A perseguição de Saul a Davi
Os sábios listaram cinco transgressões cometidas por Saul. Curiosamente, perseguir David não é um deles. Este fato pode ser entendido através de uma história relatada no Talmud : Shimon HaTzadik , um Sumo Sacerdote nos dias do Segundo Templo, designou seu filho mais novo, Chonyo, como seu sucessor. Chonyo recusou voluntariamente em favor de seu irmão mais velho, Shimi. No entanto, embora Chonyo tenha renunciado ao cargo voluntariamente, ele ainda estava com ciúmes da honra que Shimi desfrutava e então elaborou um plano para destituir seu irmão mais velho do cargo. Chonyo disse a Shimi, que desconhecia os procedimentos do Templo, que em homenagem à sua posse ele deveria usar roupas femininas. Shimi fez isso, e quando os espectadores enfurecidos viram tal sacrilégio cometido nas proximidades do Altar, eles quiseram executar Shimi. Porém, ao descobrirem que Chonyo havia enganado Shimi, eles perseguiram Chonyo, que fugiu para o Egito.

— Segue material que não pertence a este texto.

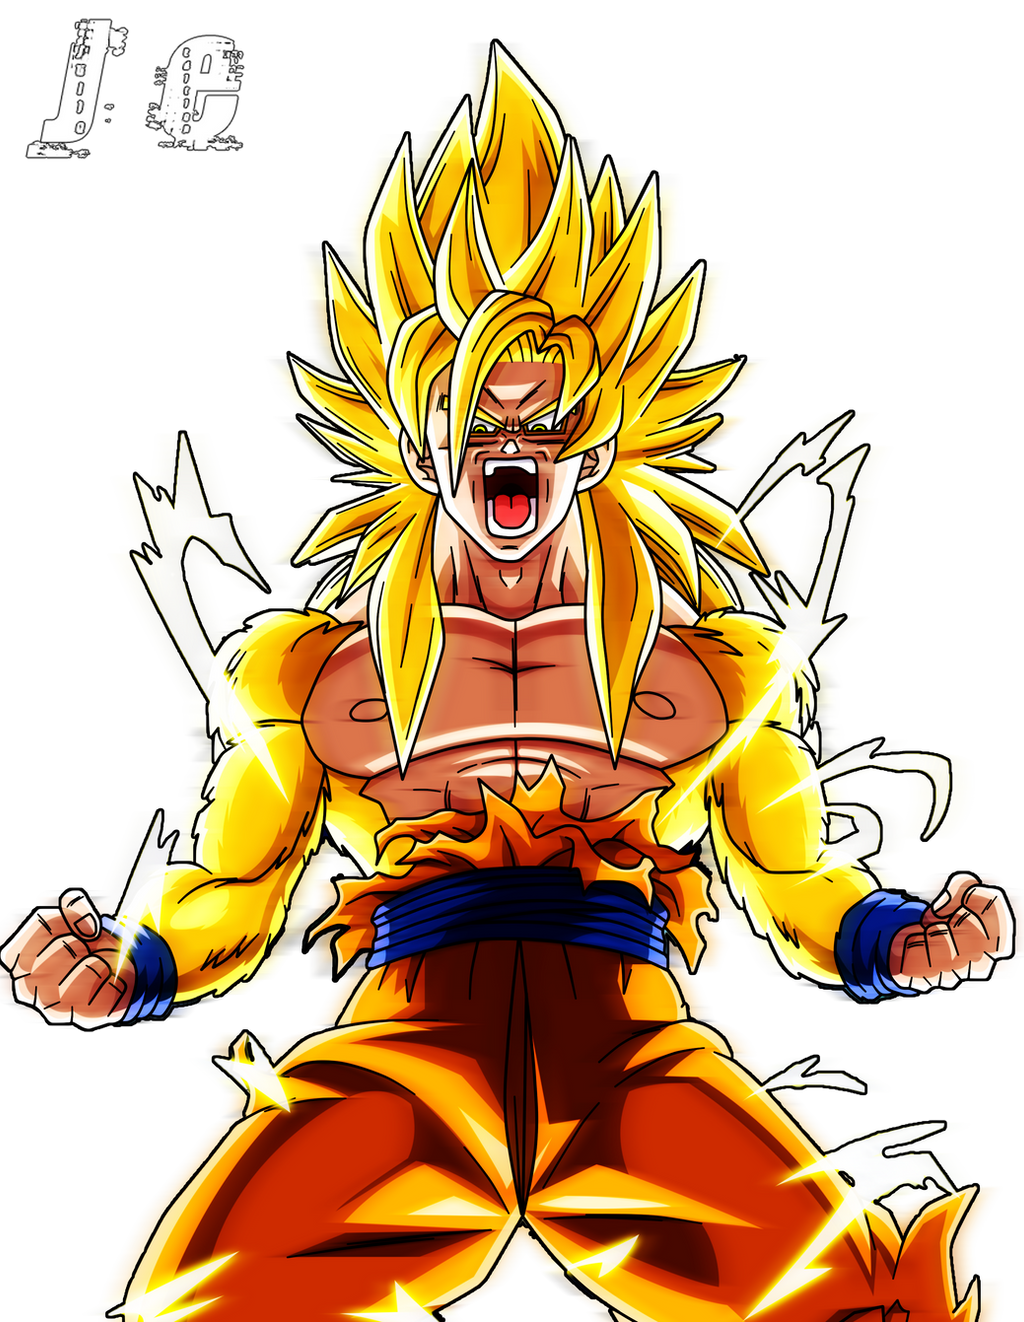 Goku ultra saiyajin ssj 4 con extra Render_de_kakarotto_ssj_dios_dorado_by_juliox11-d75p670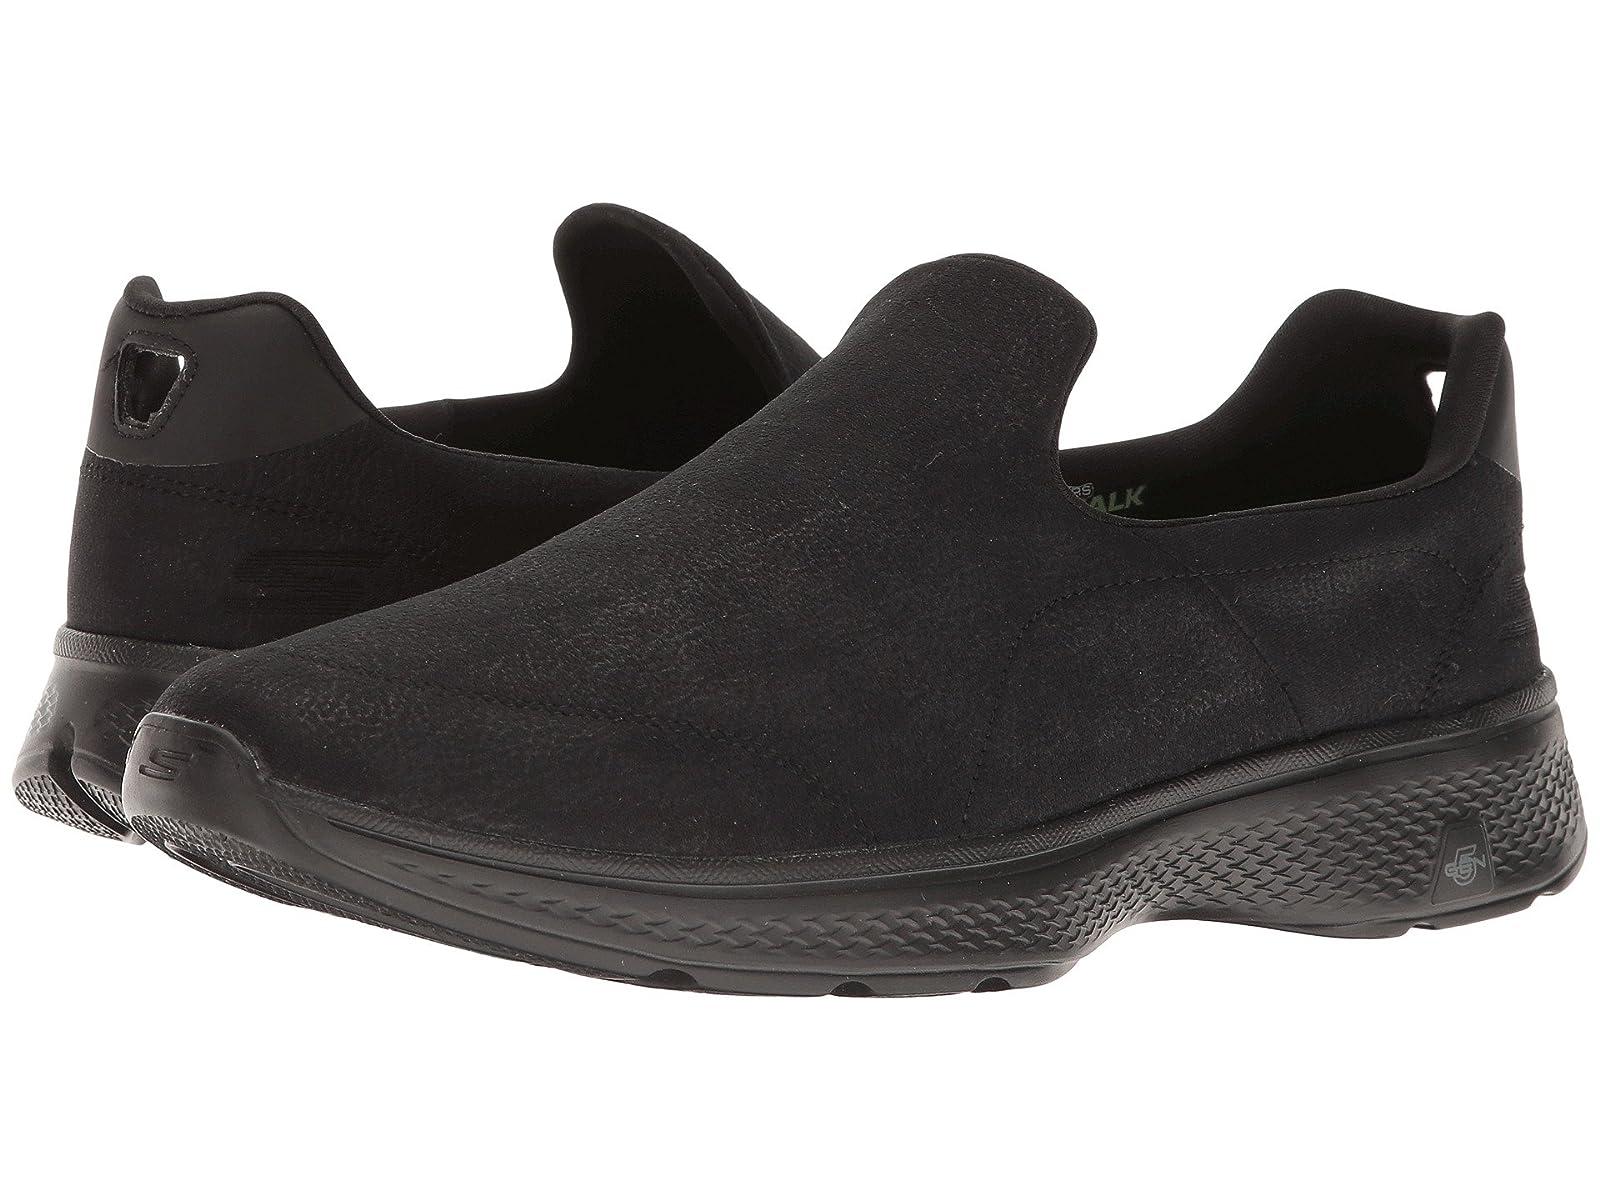 SKECHERS Performance Go Walk 4 - IncredibleCheap and distinctive eye-catching shoes

Discutindo esta história, os sábios comentaram: “Se até mesmo alguém que recusa voluntariamente uma posição elevada é tão ciumento, então certamente alguém que perde um cargo que ocupava anteriormente acharia isso intolerável”. O Rabino Ioshua ben Perachiah comentou: “Antes de assumir um alto cargo, se alguém tivesse sugerido que eu assumisse uma posição de prestígio, eu o teria amarrado na frente de um leão. Agora que tenho o escritório, se alguém me dissesse para abandoná-lo, eu jogaria uma panela de água fervente na cabeça dele. Pois Saul não desejava a monarquia, mas uma vez conseguida, quis matar Davi.” Remover uma pessoa de uma posição que ocupava equivale a matá-la, e é da natureza humana tentar evitar que isso aconteça. Portanto, Saul é considerado relativamente inocente por sua perseguição a Davi.
O suicídio de Saul
Normalmente, o suicídio é um pecado grave, o equivalente ao assassinato. Um suicida perde sua parte no Mundo Vindouro e é enterrado na beira do cemitério. O suicídio de Saul, porém, foi permitido por vários motivos. Normalmente, mesmo que uma pessoa esteja numa situação sombria, ela não deve perder a esperança do resgate Divino – a salvação de D’us pode vir num piscar de olhos. A situação de Saul era diferente, pois Samuel lhe havia informado profeticamente que o rei morreria na guerra com os filisteus. Além disso, seria um grande Chillul HaShem (profanação do Nome de D’us) se o rei judeu fosse capturado e torturado. Saul também temia que, quando seus súditos percebessem que ele foi capturado, tentassem libertá-lo – apesar das probabilidades esmagadoras – resultando assim em muitas mortes. Portanto, dadas as circunstâncias extraordinárias, Saul tirou a própria vida corretamente. (No entanto, algumas opiniões rabínicas sustentam que o suicídio é proibido em todas as circunstâncias e que, portanto, Saul agiu de forma inadequada.)
Trecho de Jornada Milagrosa de Yosef Eisen. Durante milhares de anos o povo judeu sobreviveu e floresceu, contra todas as probabilidades. Miraculous Journey leva você a um tour de 700 páginas pela história judaica, tudo em um só volume, desde a Criação até o Presidente Obama.